Bishesh Huirem is an Indian actress and model from the Meitei ethnicity of Manipur. She is best known for representing India at the Miss International Queen for Transgender 2016 organised in Pattaya, Thailand. She is the first Indian transgender who represents her country in the Miss International Beauty Queen Contest. She is the first Indian transgender to be appointed as a state icon for the parliamentary polls in the Lok Sabha elections. She is the first transgender to win the "Best Actor Award" in the 14th Manipur State Film Awards, 2022. Ang Tamo, It's Not My Choice  and Apaiba Leichil are some of her notable films.

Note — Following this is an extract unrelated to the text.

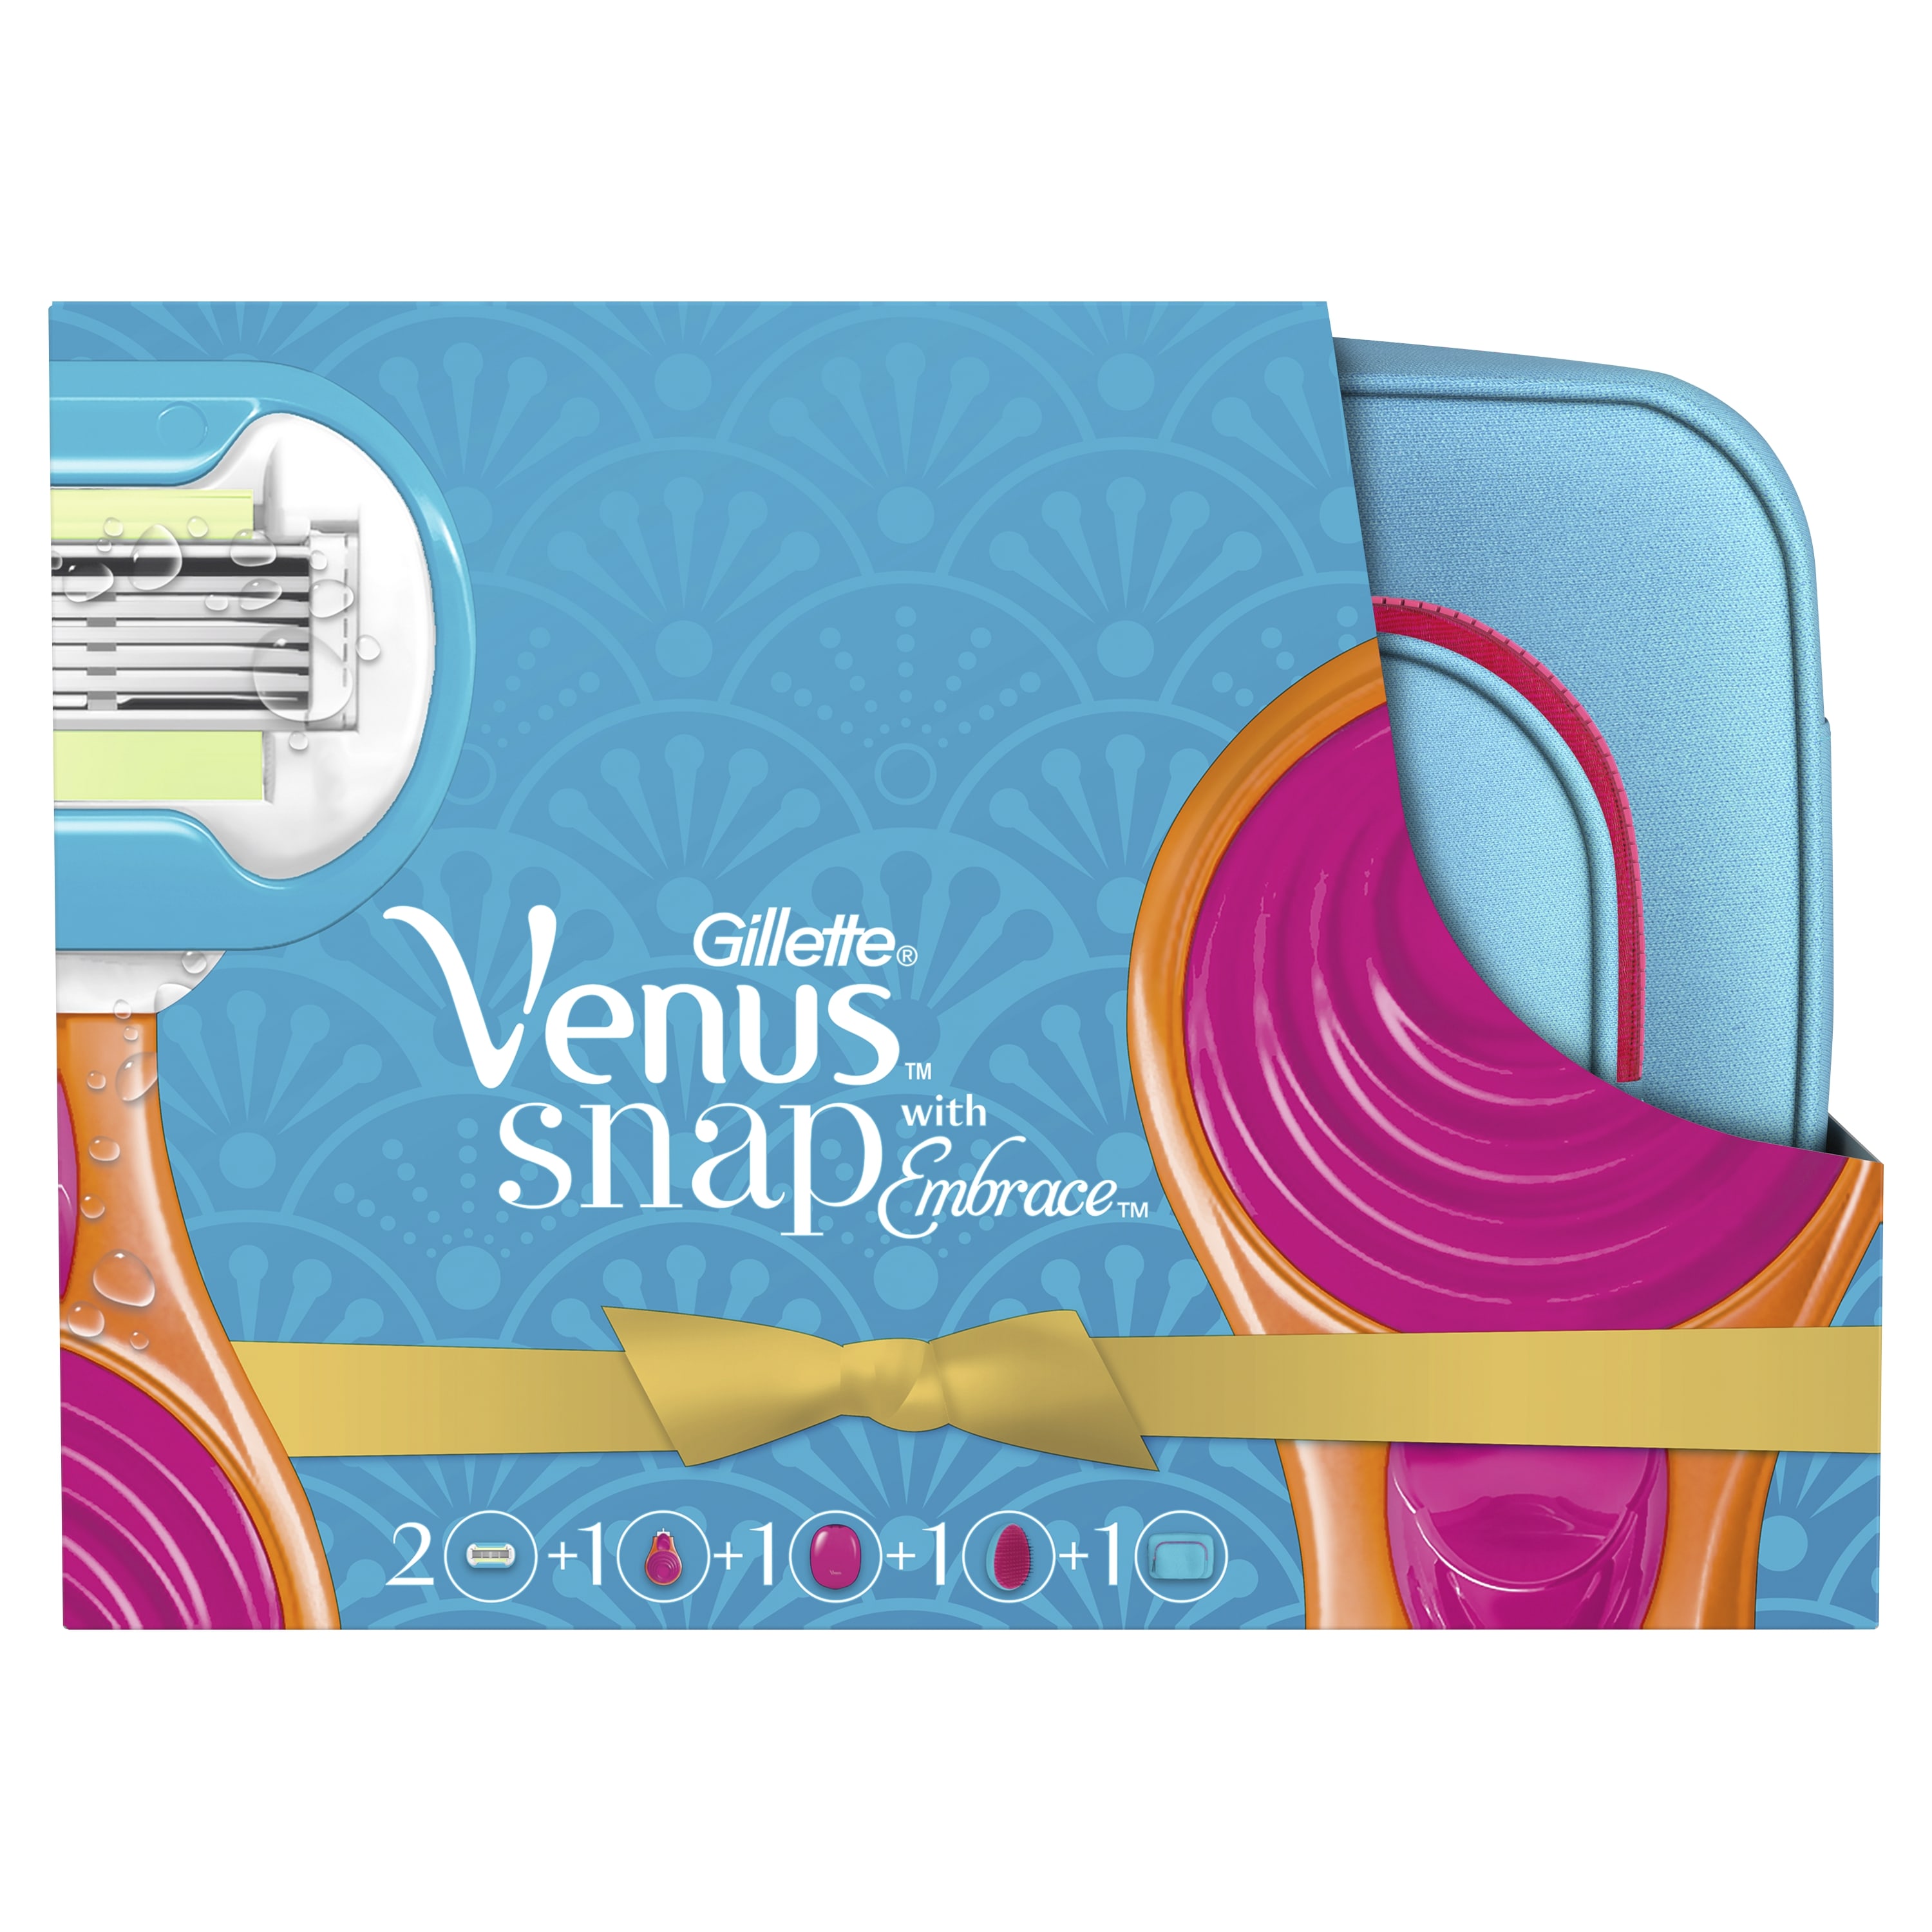 Подарочный набор VENUS Snap Embrace бритва с 1 сменной кассетой+косметичка+расческа бритва мини pearlmax confidence женская со сменной кассетой 3 лезвия совместима с venus

2016 Apology Demand Incident  
On 13 September 2016, Bishesh Huirem was allegedly beaten up by the personal security guards and armed personnels of Rural Development Minister Moirangthem Okendra in Imphal, Manipur. The incident happened in a road rage at around 10 pm during night. Consequently, Bishesh protested and served an ultimatum to Minister Okendra to apologize for the incident within seven days or face outcomes. However, the officials of the Minister rejected her claim over the incident. According to them, Bishesh was driving “dead drunk” and was even not able to reverse her car which was blocking the minister's security escorts. Further, the minister's officials said that Bishesh was throwing tantrums claiming she had the right to drive and even attempted to forcibly open the minister's vehicle's door. In response, Bishesh denied all the claims from the minister's officials as "baseless charges". She denied she was drunk. She clarified that she was not even consuming salt and oil in her diet for her hormone therapy in a preparation for a beauty contest. Shocked by the incident, she was hospitalized. The associations and organizations of various artistes banned all mobile theatres, films and music programmes in the Heirok Assembly constituency (Minister Okendra's associated Constituency) until and unless he apologized.

Filmography

Selected Shumang Kumhei Plays 

 Border
 Restafen
 Pizza
 Nupigi Thamoi
 Chagee Khuji
 Eengengee Nini Panba
 Inamma
 Tamphayai
 Kairaba Chaphu
 Kunti 4
 Ishing Chaibi
 Mou Ahum Ningol Ama
 Online Da Luhongba
 Sanagi Thambal
 Maogi Ibai
 Nungshi Laman

References

External links 
 Bishesh Huirem_IMDb

Meitei people
Indian actresses
Indian models
Living people
Transgender actresses
Shumang Kumhei artists
Year of birth missing (living people)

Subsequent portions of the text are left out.